Repeat the listing below word for word, minus the pictures.

(DATASET SECTION Opens)

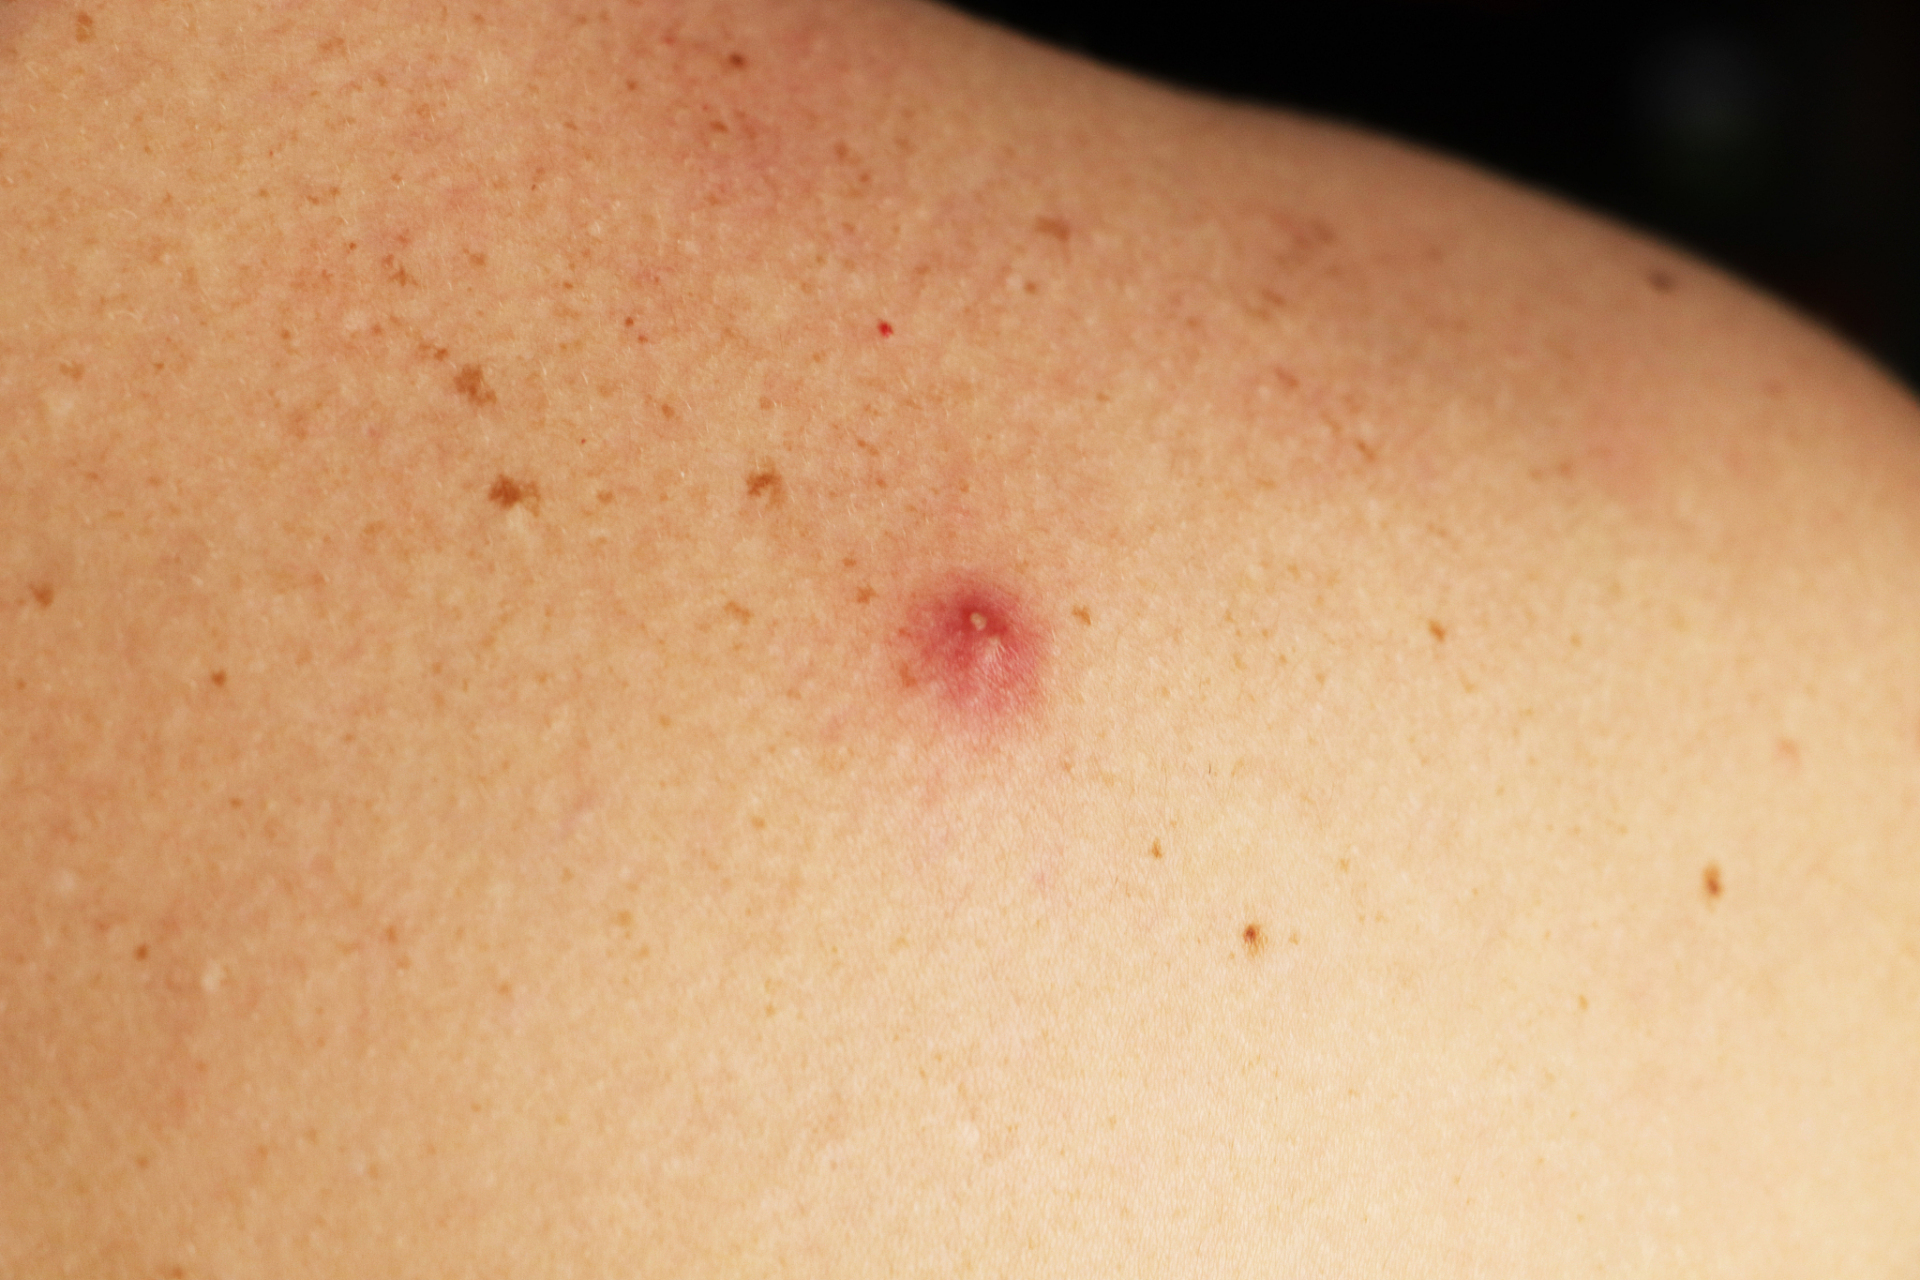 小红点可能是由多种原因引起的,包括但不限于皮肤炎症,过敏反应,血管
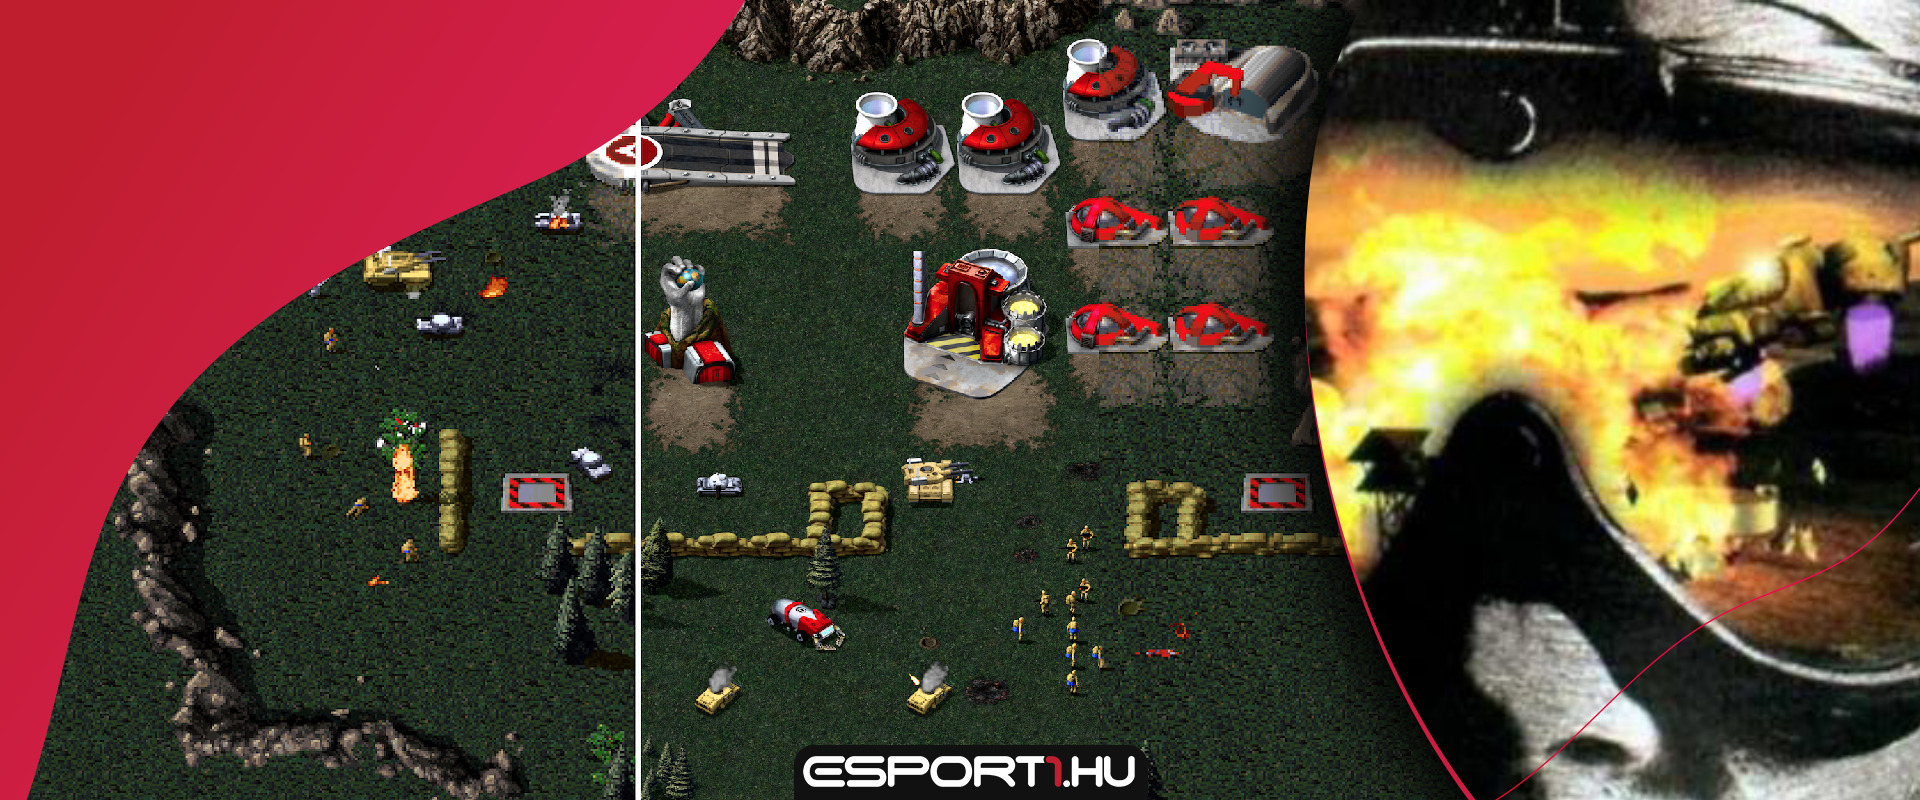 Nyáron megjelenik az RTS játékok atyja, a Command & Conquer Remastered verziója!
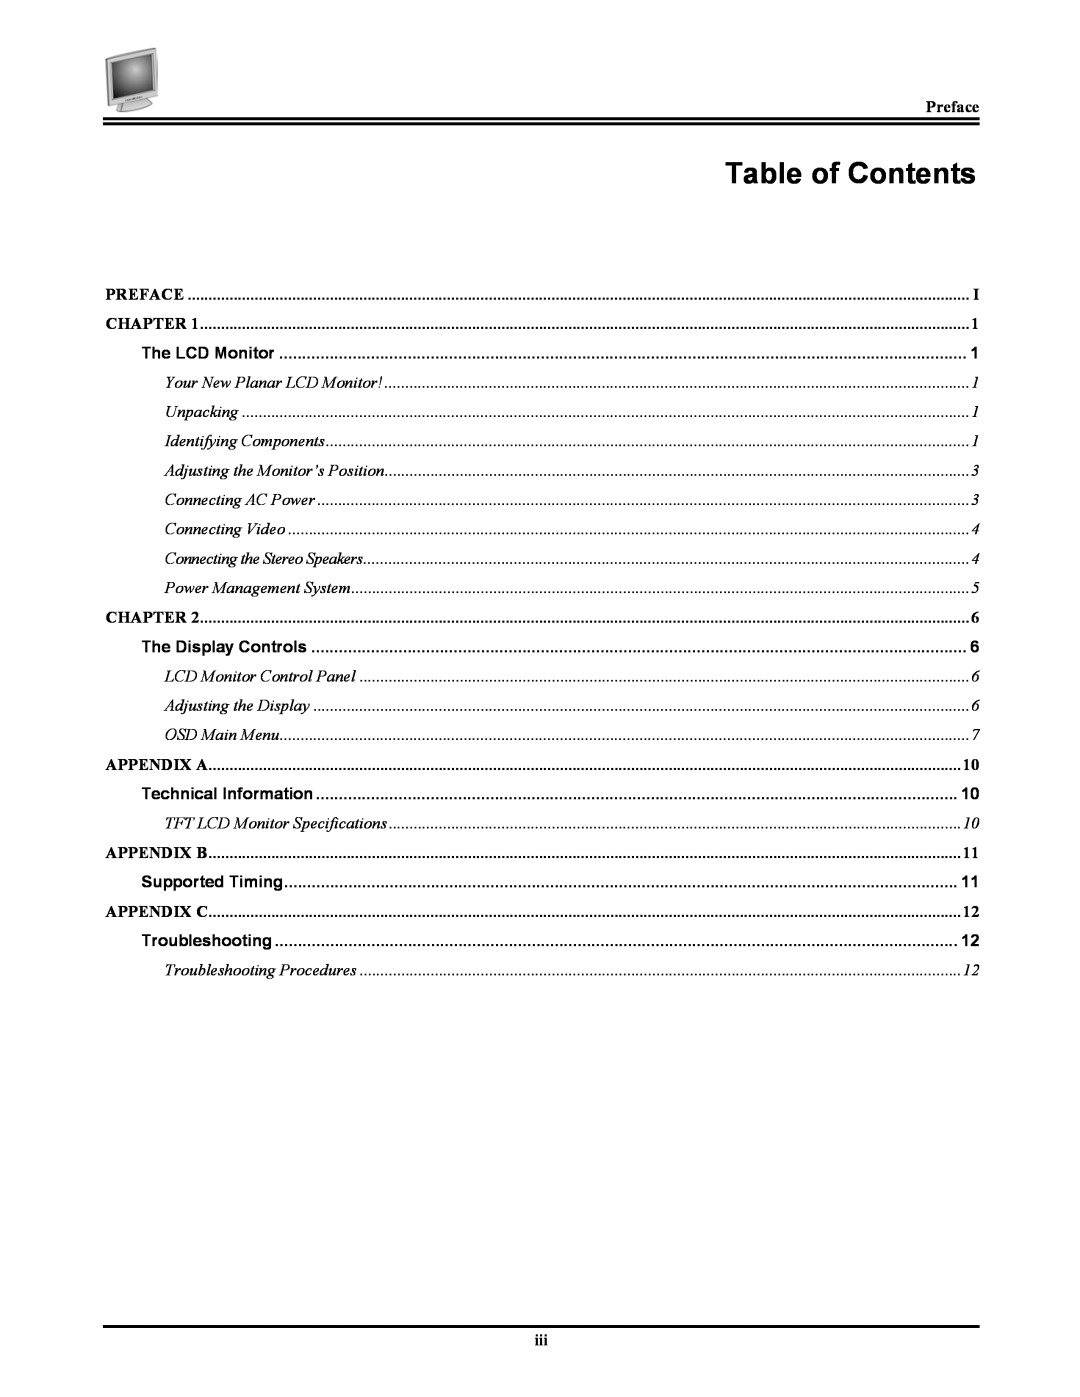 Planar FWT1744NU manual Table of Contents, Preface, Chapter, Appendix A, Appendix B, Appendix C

(DATASET SECTION Closes)

§ EXERCISE RESULT:
 小红点可能是由多种原因引起的,包括但不限于皮肤炎症,过敏反应,血管
 Nyáron megjelenik az RTS játékok atyja, a Command & Conquer Remastered verziója!
 Planar FWT1744NU manual Table of Contents, Preface, Chapter, Appendix A, Appendix B, Appendix C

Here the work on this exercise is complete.